Brasil encerra a 38.ª edição do Festival Internacional de Londrina

O Brasil vai fazer bonito neste fim de semana no encerramento do Festival Internacional de Londrina, que começou dia 3 com o solo "A Poltrona Escura", de Cacá Carvalho. A montagem de "Ensaio.Hamlet" da carioca Cia. dos Atores e "Shi-Zen 7 Cuias" do grupo Lume de Campinas fecham a programação com criações do mesmo nível dos melhores espetáculos internacionais que passaram pelo evento. O mesmo se pode dizer da apresentação de Paulinho da Viola, que promete encerrar em clima de festa programação musical no Cabaré, espaço de encontro após o teatro.

A diversidade de idiomas e linguagens cênicas marcou a 38.ª edição do Filo, que certamente vai figurar entre as mais bem-sucedidas de sua história e contou com espetáculos de 12 países. Nesses 17 dias de programação passaram desde companhias de renome internacional, como a dinamarquesa Odin Teatret, dirigida por Eugenio Barba e a alemã Volksbühne, até outras menos conhecidas, mas que revelaram igual qualidade de criação artística como a peruana Hugo y Inês, com o espetáculo Cuentos Pequenos e a argentina El Patrón Vaszquez, com La Estupidez.

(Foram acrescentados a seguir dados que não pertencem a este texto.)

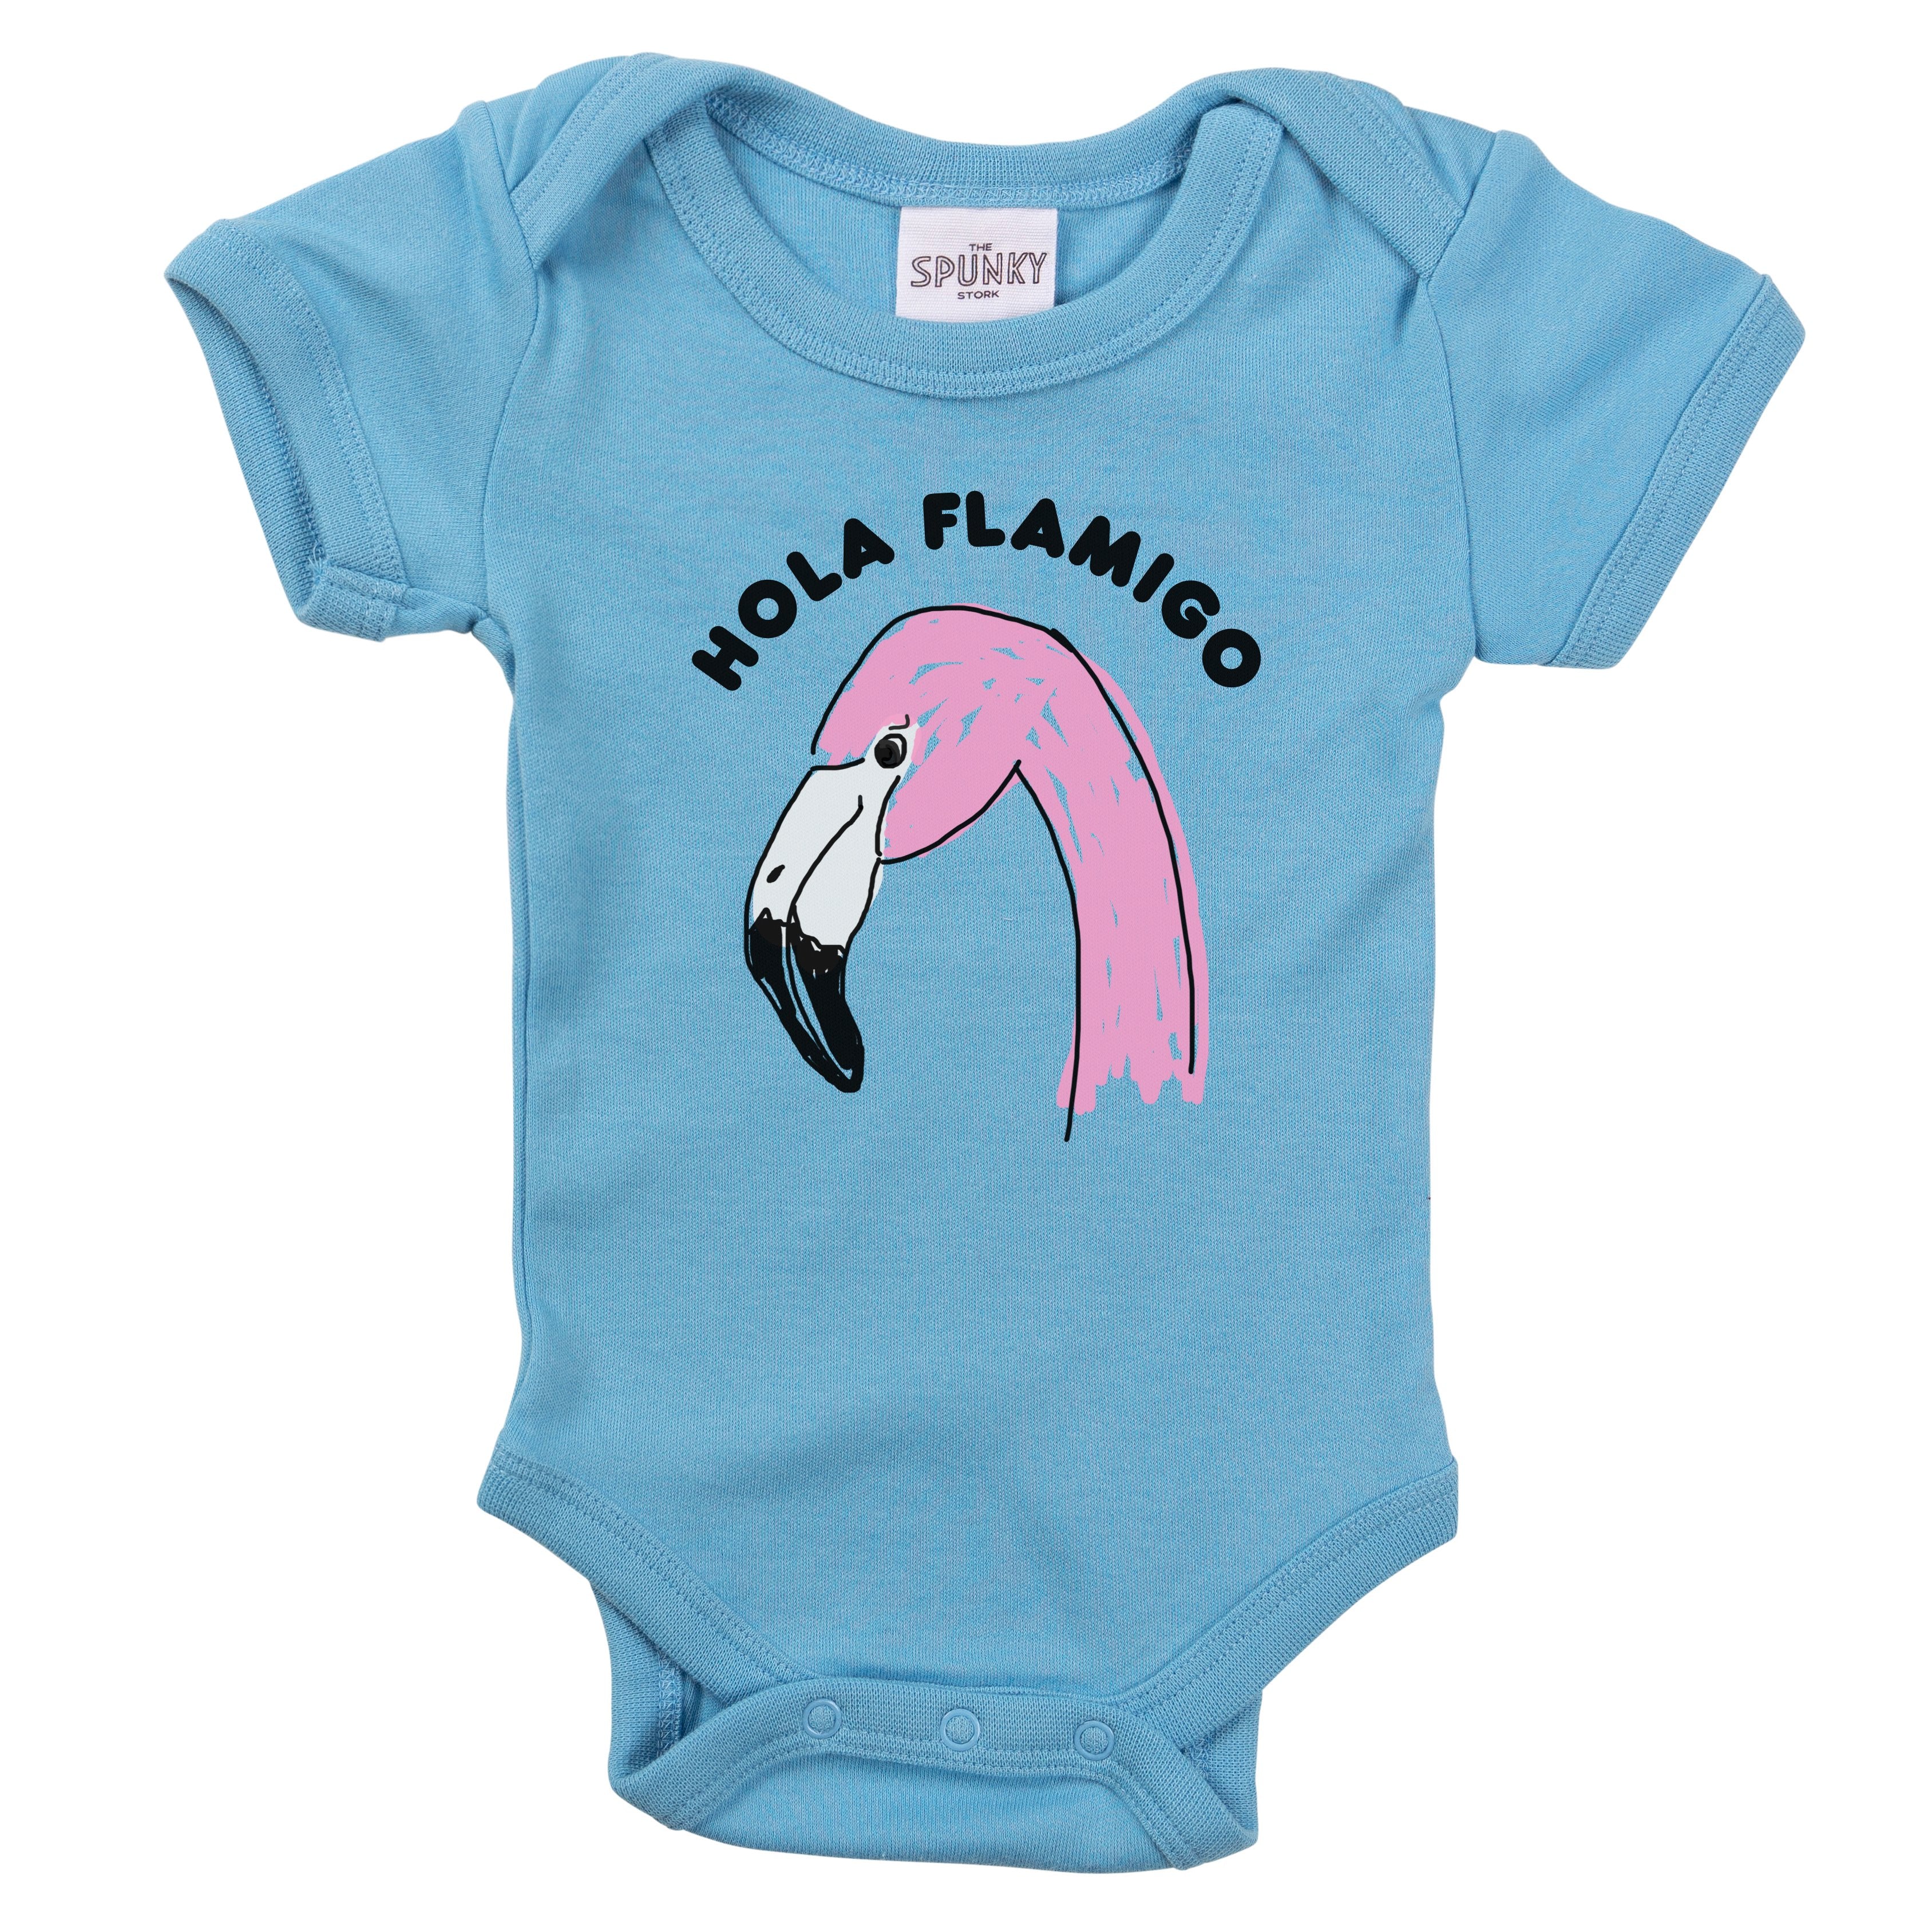 Izhansean Newborn Infant Baby Boys Gentleman Clothes Flamingos

Mais uma vez, o festival chamou atenção para a qualidade do teatro feito na América Latina – aqui passaram bons espetáculos da Bolívia, Peru e Argentina -, o que provoca a pergunta: por que o intercâmbio cultural entre sul-americanos ainda é tímido? Afinal, as facilidades começam pela similaridade do idioma e chegam aos custos. Não é segredo que um dos motivos está na identidade comum de povos colonizados, responsável pela tendência a valorizar a participação européia.

Essa história comum amplia a importância da admiração provocada por um bom intérprete, que comove e faz rir, como ocorreu com os atores bolivianos de En Un Sol Amarillo. Com seu trabalho, por momentos, eles eliminaram associações como fome e precariedade comumente relacionadas ao biótipo característico dos descendentes de nativos da América: cabelos negros, rostos redondos e olhos amendoados. Os espectadores do Filo, certamente vão associar para sempre beleza e talento à imagem daqueles atores. Nada como a arte para descolonizar o olhar.

Direito à ficção

Esse tema também foi objeto de discussão na entrevista coletiva do grupo El Patrón Vazquez, que trouxe ao festival o ótimo El Estupidez, com texto e direção de Rafael Spregelburd que, aos 35 anos, é um dos mais incensados diretores da nova geração de artistas argentinos. E com razão, a julgar pelo espetáculo mostrado no Filo. Ao defender sua dramaturgia, argumentou: "Os europeus esperam de nós um teatro que fale de miséria e dos problemas sociais. naturalmente reservam a si o direito sobre os mitos universais." Defendeu "o direito humano à ficção" e um teatro ‘político’ contra um teatro ‘engajado’ como aquele que traz referências diretas a fatos e situações. "A realidade rouba ao teatro seus mecanismos para produzir verdade. O teatro então tem de ser uma construção poética, uma ficção, que delate ao espectador que o real também é construção", argumentou Spregelburd.

La Estupidez revelou que não se tratava apenas de discurso de diretor. Foram quase quatro horas de um espetáculo de incrível dinamismo, no qual apenas cinco atores no elenco – o diretor entre eles – interpretam 24 personagens cujas histórias se entrecruzam num único cenário, um quarto de hotel. O texto é um complexo e inteligente mecanismo, cujas engrenagens se ajustam incrivelmente bem. No quarto, há apenas duas portas, a de saída e a do banheiro. Quando uma se fecha para a saída de um personagem, outra se abre para entrada do outro. Nada muda, ou quase nada no cenário, mas o quarto é outro a cada momento , num código teatral que pede a cumplicidade do espectador. A rapidez das mudanças de roupa remete à comédia Irma Vap, mas com uma diferença fundamental: o espetáculo não chama atenção para isso, não busca o entretenimento, embora o humor, negro é verdade, dê o tom o tempo todo.

A venalidade é a característica dos personagens, envolvidos com alguma forma de ganhar dinheiro fácil, desde um trio de policiais – dois deles formam um divertido casal – que rouba uma mala de dólares num cena de crime, passando pelo filho de um cientista que tenta vender uma equação descoberta pelo pai até um grupo de jogadores. Ao fim de tudo, percebemos que o diretor alcançou o desejado.

Nessa peça, uma pintura falsa é exibida num museu como obra importante e uma revelação passa despercebida justamente por ter sido publicada na coluna de uma jornalista famosa. Ao construir bem sua ficção, Spregelburd leva o espectador a refletir sobre a ficção que o cerca.